What is not known as well is that Republicans received just as much of a beating in the state offices. Not only did Democrats win all statewide offices - along with Governor-elect Gavin Newsom becoming the first Democrat to win Orange County in 40 years - Republicans lost 5 seats in the California Assembly, and 3 in the State Senate. Next year, Democrats will control 60 out of 80 seats in the Assembly, and Republicans will barely be hanging onto double digits in the upper chamber, with just 11 Senators to Democrats’ 29.

Seeing all this, the outgoing chair of the California GOP - which according to Politico is still the country’s largest state Republican party (go figure) - warned that Republicans’ endangered state in the golden state is an indicator of things to come for the national Republican party, and that the revival of California GOP is impossible if the party does not abandon its white nationalist posture.

““We have not yet been able to figure out how to effectively communicate and get significant numbers of votes from non-whites,’’ said former state Sen. Jim Brulte, who’s held the job of state GOP chair since 2013 and will retire in February.

Despite trend lines that show the “the entire country will be majority minority by 2044,’’ he said, the GOP has failed to confront the reality of those changes — or recognize the possibility that the recent “blue tsunami” midterm election in California was a harbinger of what lies ahead for the national party.”

I’d say the GOP Chair’s epiphany is not just too little and too late, it is also false. The problem Republicans have in California is not that they have not been able to effectively communicate with non-white voters. In fact, the case is much more clear that the Republicans have in fact communicated their true nature with non-white voters, and that this clarity is at the center of their demise in the country’s largest economy.

Nevertheless, Sen. Brutle is actually delivering an important message to his party: the GOP faces eventual irrelevance in national politics, much like what they have faced in California, if they cannot reverse their image as racist, white-nationalist, xenophobic reactionaries pining to preserve white privilege. Although it is hard to imagine a California style wipeout of the racist Right while the electoral college still exists and while the Senate continues to give each Wyoming resident 70 times the voice each Californian gets, this year’s elections have made clear that an increasingly diverse electorate is willing to be heard. Despite his sugarcoating, Brutle is correct in his analysis that Republicans face a cold future should their party continue to follow the formula that produced Donald Trump.

The good news for Democrats is that the candidates for leadership of the California GOP going forward are in no mood to pay attention to the truth. Influential Republicans - inside of California and out - are happily whistling the Trump talking point that illegal voting, rather than Republican racism, is the cause for their route in the state. A Democratic strategist warned that if Republicans failed to heed Brutle’s advice, the party is at risk of “sliding in to the ocean”, the top candidates for CA-GOP’s chairmanship seem intent on an oceanbound journey. One candidate - the failed primary competitor and Trumpophile Travis Allen - even insists that California Republicans do a better job of attaching themselves to Individual-1.
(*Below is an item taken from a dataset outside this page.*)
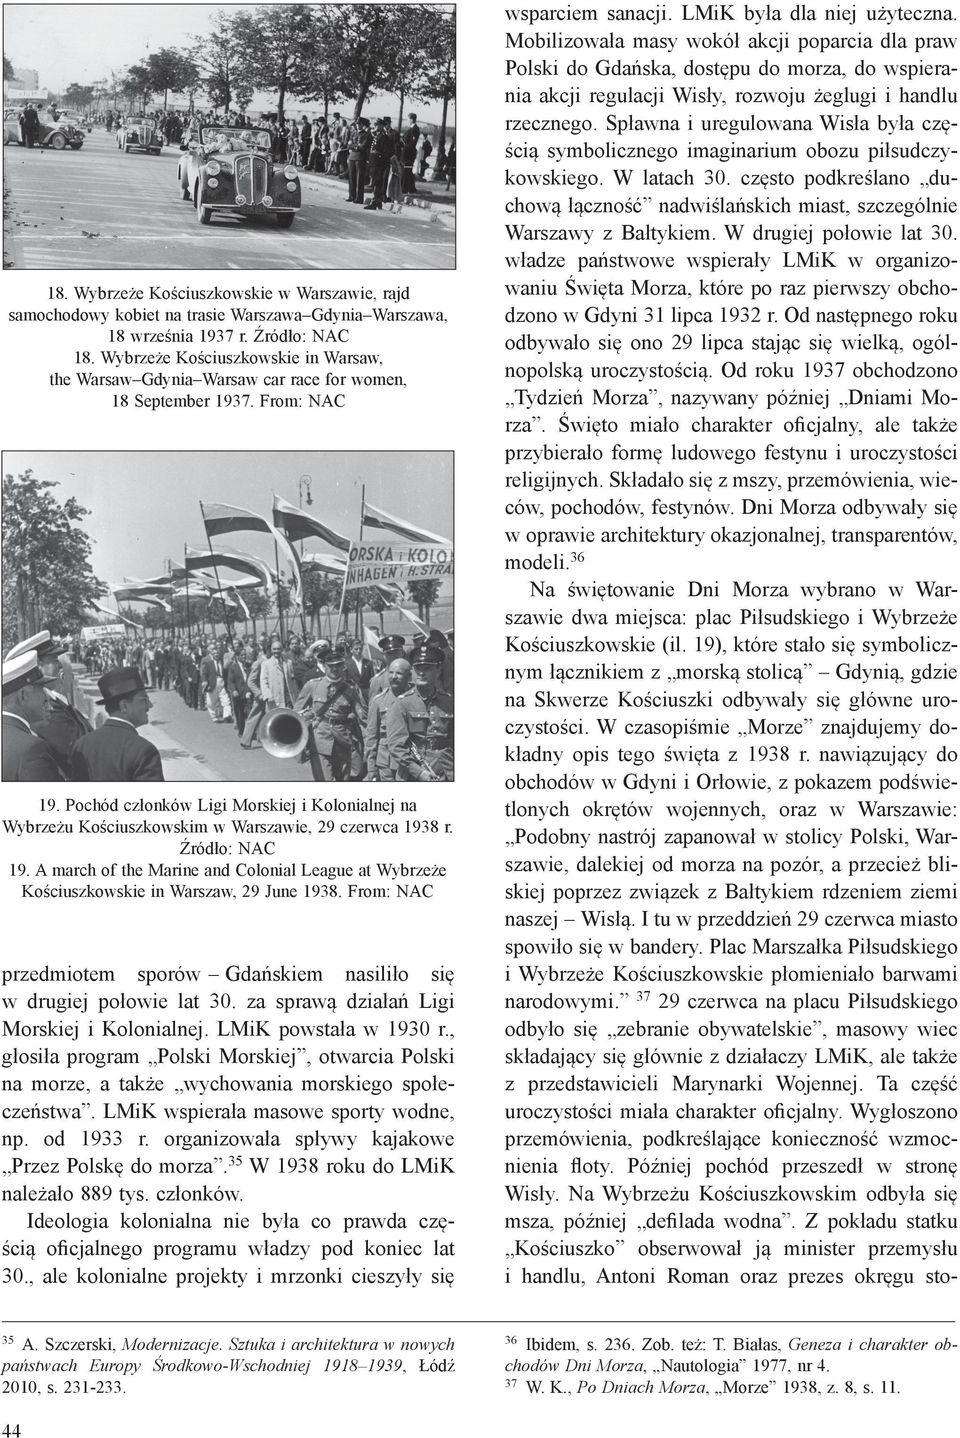 Pochód członków Ligi Morskiej i Kolonialnej na Wybrzeżu Kościuszkowskim w Warszawie, 29 czerwca 1938 r. Źródło: NAC 19.

““This is the same chatter we’ve heard form the GOP establishment for the past 20 years. The concept that Republicans need to look and sound more like Democrats to be elected in California is exactly what got us into this mess,’’ said Allen. “It’s about time for the Republicans in California to stand up for our values, our ideals — and yes, even support our GOP president.””

Republicans simply cannot fathom the idea that voters - California voters, American voters - are rejecting their hateful ideology. So they are going to the ends of the earth to create and indulge in the self-delusion that their loss is because they didn’t hug their bigoted brethren enough, or that the voters themselves are illegitimate. They will not admit the fact that the California Republican party’s sad state of affairs has been twenty years in the making since Proposition 187 attacking immigrants, and that it has been fully manifest for the last decade.

For the sake of a healthy democratic process based on a diversity of ideas, I would actually prefer the rebirth of a Republican party with a revival of the original Republican principles of civil rights, conservation, and enterprise. That way, we can, as a country, have an honest debate about the proper role of government.

But as a partisan, I’d be lying if I said I am not having evil laughs at the hope that the Republicans follow Travis Allen right into the ocean.